Saturday, November 19, 2011


Confession #1. I got a little too emotionally-invested in my daughter's 5th grade report of Famous Person Beverly Cleary. I didn't realize how much she means to me. I didn't even have a dysfunctional childhood to retreat from, she just made life more enjoyable. Love love Henry, Ribsy, Beezus, Ramona...*BIG SIGH*

Confession #2. My senior-aged son was wearing his 6th grade T-shirt the other day. Is this a problem? I promise I'm feeding him. Maybe the shirt was just ginormous on him all those years ago and now he's growing into it?
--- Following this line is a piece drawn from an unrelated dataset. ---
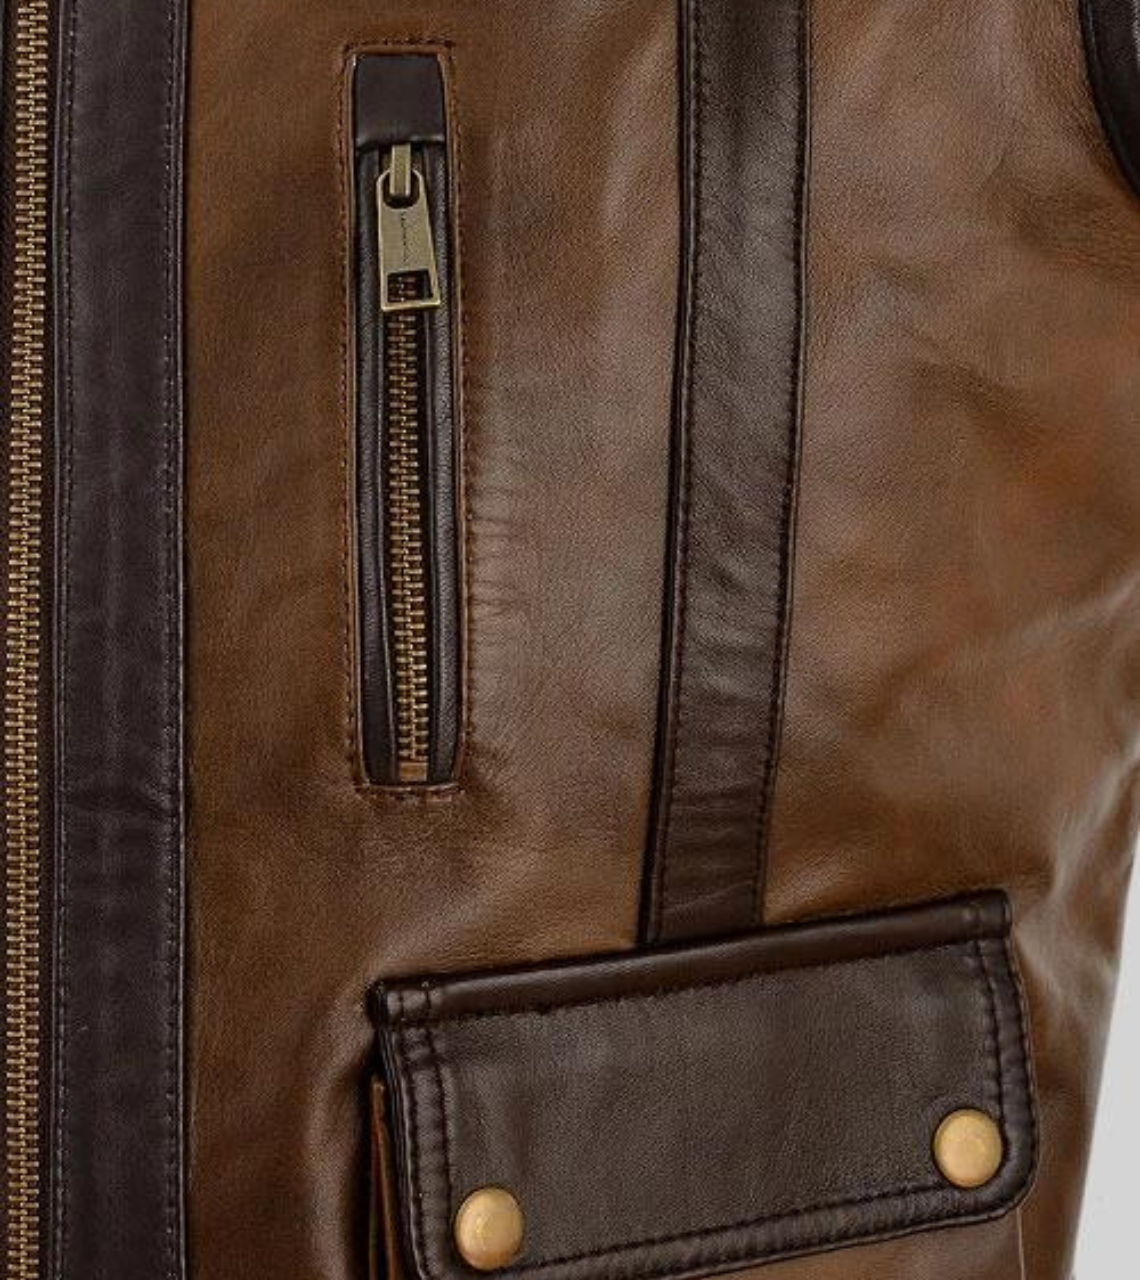  Roscode Men's Brown Leather Vest Pocket

Confession #3. To the guy in the white truck at the light on Ellsworth and Broadway: It was nothing personal when I yelled "You can check out anytime you like, but you can never leave." Just having a little Hotel California moment on the radio.

Confession #4. I thought writing the first line of a novel was hard, but try the last. I do not know how to make it NOT sound like the cheesiest of cheese. I want to evoke that "ahhh" factor, not make the reader gag like someone's sprayed a can of Cheez Whiz down their throat. Advice welcome.

Confession #5. After I finish editing that last line to death (see #4) then I'm going to send it off to a professional editor. I'm so close I can taste it (is it the cheese maybe?).


KJ's Perspective Take 2 said...

Twinkies will be well deserved. The shirt probably was way too big back in the 6th grade. We have tons of shirts like that around here. You are way to hard on yourself, the end will be as amazing as the beginning. Try something like and they lived happily every after. Ha! Ha! Totally kidding! Good luck finding your end. :)

Valerie Ipson said...

Now I know why they always used that phrase to end a story, Karla. It just made it all so simple and complete. Of course, now it would be "Happily ever after till the sequel comes out!" :D

Canda said...

I relate to #4. Endings are hard. "not make the reader gag like someone's sprayed a can of Cheez Whiz down their throat." Haahaa.

Anonymous said...

Everyone has those Hotel California moments, and if the due in the truck didn't see it for what it was, then he was probably too dim to be driving anyway.
As far as your ending goes,keep it spinning in the background of your brain over Thanksgiving. But don't really think about it too much. Let it simmer with the turkey and bake with the pumpkin pie. Chances are good sometime around 2am Saturday you will wake up with something brilliant.

Cathy Witbeck said...

I like cheese. But I don't think that cheese in a can is real. A girl once sprayed it on the sidewalk as a way to answer a date and it didn't decompose for weeks. Oi.
Make your ending like really good cheese, havarti or gouda.

Kari Pike said...

Valerie! I can relate to all of those too! I love your cheese whiz analogy! too funny. You rock! hugs~

Renae W. Mackley said...

Hotel California tickled my funny bone. At first I thought you were saying, "You can check me out any time you like . . ."
As far as your ending, try writing a few more paragraphs and then hack them to death except for the sentence that says gourmet cheese. Good luck.

Donna K. Weaver said...

Pass the cheese, please. Congrats on being so close.